But there’s plenty governments, businesses, and individual citizens can do to soften the blow, experts said.

The time is now

“I think this National Climate Assessment is the loudest and clearest alarm bell to date signaling the need to take urgent action to combat the threats to Americans from climate change,” John Holdren, Assistant to the President for Science and Technology and Director, Office of Science and Technology Policy, said in a call with reporters.

The report, prepared with input from more than 300 scientists, is required every four years by law. But prior administrations have sometimes taken a pass, and this is only the third report to be released.

"The personal level is that everybody can look out their window and see something about their climate that has changed over the last 5, 10, or 15 years," Gary Yohe, a professor of economics and environmental studies at Wesleyan University in Middletown, Conn., and a lead author of the report, told NBC News.

Some people notice that birds arrive in their backyards earlier each spring, he said. Others cite more pollen in the air or more frequent downpours and storm surges, or more intense heat waves.

Hayhoe noted that the impacts of climate change depend on location. In the Northeast, for example, the frequency of heavy precipitation events has increased by 71 percent. On the opposite side of the country, drought is becoming a serious concern. "There is no one-size-fits all here on why we need to be worried about climate change," she said.

Nor, she added, is it straight-forward to tease out the climate change signal from impacts such as heavy downpours, or heat waves and droughts. Rather, "we have a changing climate overlaid with natural weather patterns and natural patterns of variability," she said.

Preparing for the future

"Some changes can be beneficial over the short run, such as a longer growing season in some regions and a longer shipping season on the Great Lakes," reads the report's overview. "But many more are detrimental, largely because our society and its infrastructure were designed for the climate that we have had, not the rapidly changing climate we now have and can expect in the future."

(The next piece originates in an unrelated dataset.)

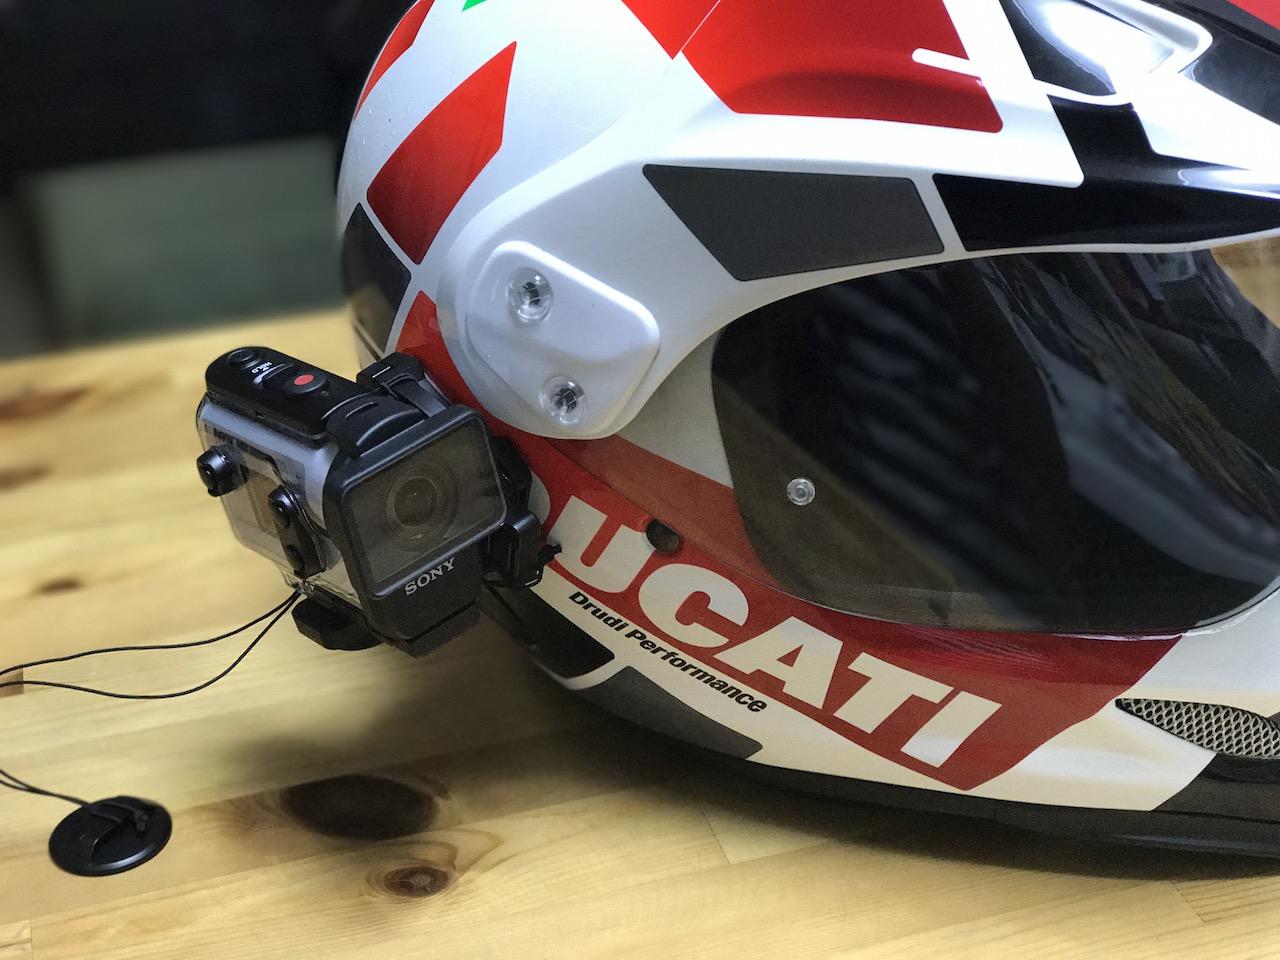 Sony HDR-AS300のアクションカメラを購入してヘルメットにつけてヨーロッパツーリングをより楽しむぞ!!FDR-X3000を選ばなった理由もご紹介

"The report also talks very clearly about how there are many opportunities to reduce the vulnerability to climate change, to make sure that we adapt successfully to reduce the impact that we are having on climate and at the same time benefit the economy, benefit national security and benefit our own health," Hayhoe said.

For example, communities can decide to invest money in a new wind farm instead of a new coal fired power plant to generate electricity, and in turn eliminate the release of carbon dioxide, the key planet-warming gas. Given that a power plant lasts for about 30 years, such a decision has real impacts, she said.

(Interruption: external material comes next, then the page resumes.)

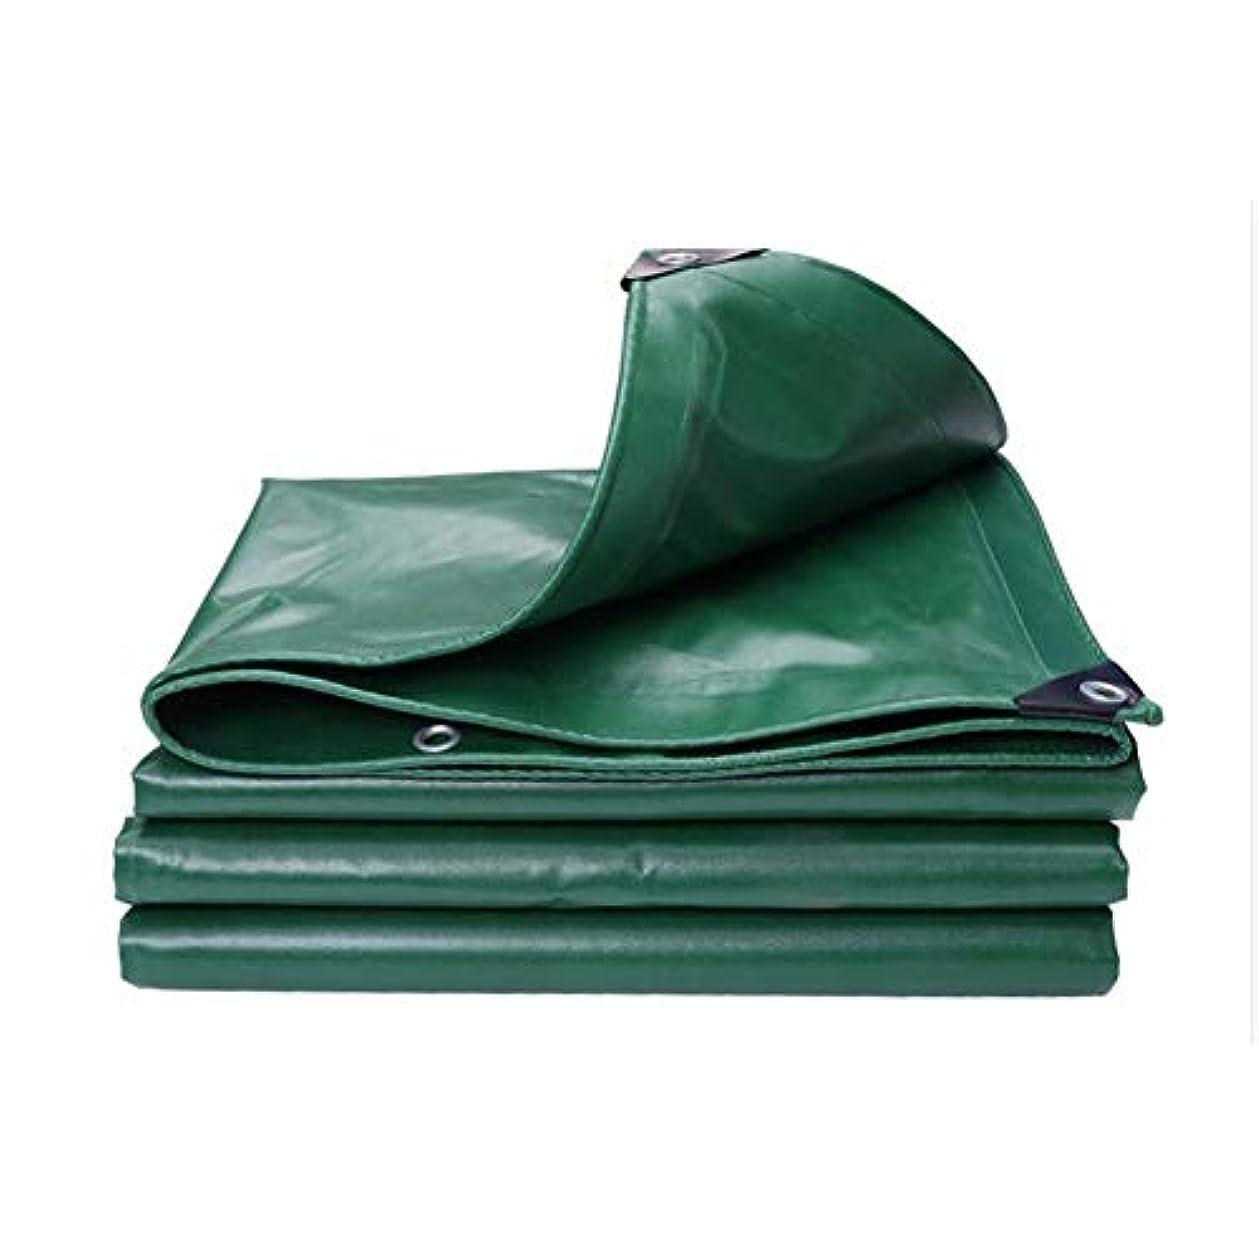 結論胸あなたのものXF ターポリン防雨布肥厚日焼け止めトラックターポリンキャンバスサンシェードプラスチック布、利用可能なサイズの様々な アウトドアキャンプ用品 (Size : 2X2m)

The messages in the report on ways people can adapt to climate change and, in turn, lessen the impacts from a changing climate are particularly welcome, according to Lisa Dilling, a fellow of the Center for Science and Technology Policy Research at the University of Colorado at Boulder, who was a review editor of the report.

"There is a need for society to better adapt to climate variability and climate change right now," Dilling said in an email to NBC News. "And many decisions can be made to lessen the impacts of extremes and other climate events." For example, investments in carbon-free sources of energy such as solar power, she noted, can help society move past its reliance on fossil fuel sources of energy.